The Apocalypse of Don: Trump, Nietzsche, and Antichrist America
Why far-right Christians turned to the world’s most infamous atheist
This is the first of a two-part essay on how Friedrich Nietzsche became the lodestar of reactionary Christianity. Please subscribe to stay in touch! Check out more content in the How This Happened series.
The world is on fire. Inside the United States, chaos reigns and established institutions are proving utterly feckless in response. Despite running the most corrupt and incompetent administration in American history and despite instigating an armed mob invasion of the Capitol building, Donald Trump got re-elected and has once again become the president.
There are many different explanations for how this happened, but the most significant is that the United States, and humanity as a whole, is in an epistemic crisis which has sparked a political rebellion. Unlike military rebellions, the liberal order of the past 200 years has no idea how to respond. Political leaders, educators, and scientists have been unable to understand, much less ameliorate the situation.
While the global epistemic crisis began among religious fundamentalists, it has spread to societal institutions which have become so far removed from common experience that they cannot even grasp the nature of the problem.
It all comes down to this: Willful ignorance and skepticism are functionally the same thing. They differ only in purpose. Willful ignorance seeks to preserve existing knowledge and existing hierarchies. Skepticism, by contrast, seeks to reevaluate existing knowledge and discover new ways of thinking and being.
Not having the ultimate answers is not nihilism; it is an invitation to discover and create shared moral viewpoints that work for everyone—whether through democratic consensus, ethical philosophy, or cultural traditions that foster collective understanding and cooperation.
While some of us may not like it, we can know that there is no evidence that Noah’s flood happened, or that many early Christians did not view Jesus as divine, just as we can know that there are thousands of transitional fossils that have been discovered and that gravity behaves in ways that are predictable in our slice of reality.
While we can never definitively prove that gravitation will always and everywhere behave according to the equations of Isaac Newton, we can demonstrate beyond a reasonable doubt that gravity behaves the same way in the area of space-time we inhabit. Likewise within the realm of ethics, while there are no absolute principles on which to base moral beliefs, we can strive to make societal and individual choices which maximize collective and individual freedom. Uncertainty can thus be the basis for democracy, if properly understood and respected, as it allows for adaptability and the continuous reevaluation of policies and governance structures.

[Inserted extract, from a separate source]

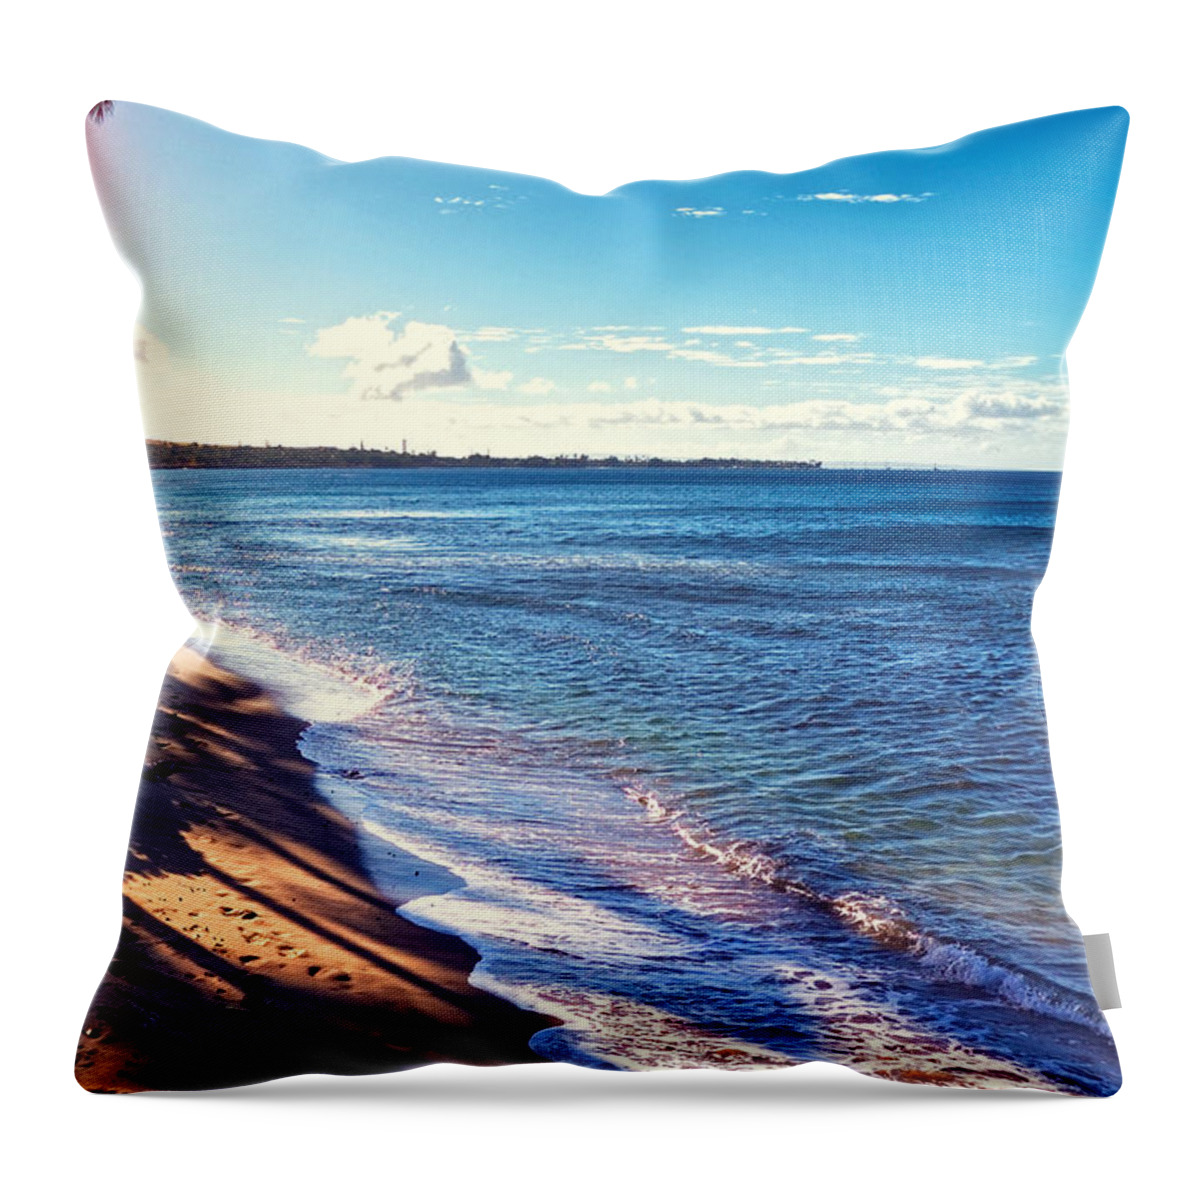 Hawaii Throw Pillow featuring the photograph Kaanapali Beach by Lars Lentz

Historically, the democratic process has thrived on this principle of moral relativism, beginning with the deliberative assemblies of ancient Greece, where open debate was essential to governance. The Magna Carta of 1215 represented a crucial shift in the relationship between rulers and the ruled, establishing the foundation for legal constraints on monarchical power. The Swiss cantons, which began developing their system of self-governance in the 13th century, later reinforced these ideas through their decentralized and participatory political structures, demonstrating how local governance could function within a broader democratic framework.
The Constitutional Convention of 1787 in what later became the United States further enshrined this principle. Finally, the black civil rights movement of the 1960s demonstrated the necessity of uncertainty and struggle in ensuring democratic rights, as activists challenged and reshaped the moral and legal landscape of American society through protest, legislation, and civic engagement.
Skepticism and moral relativism are powerful tools for freedom. But at the same time, the skeptical posture can very much be destructive or tyrannical. If facts and values cannot ever be true, couldn’t we treat ethics and science as matters of personal opinion? What if truth is more a question of power than of argumentation? Answering yes to these two questions was the central moral thesis of Friedrich Nietzsche, the first postmodern reactionary.
Nietzsche’s rebellion against democracy and facts
Living at the beginning of modernity in mid-19th century Germany, the flagrantly profane Nietzsche realized sooner than almost anyone that the West was facing a crisis of nihilism now that Christianity’s truth claims had been disproved through Biblical scholarship, the research of Charles Darwin, and the philosophizing of David Hume and Immanuel Kant.
“God is dead,” Nietzsche proclaimed, and now that Christianity had been factually and philosophically deconstructed, the ethical and scientific order it had been created would still remain, but in a permanently damaged state. He was correct.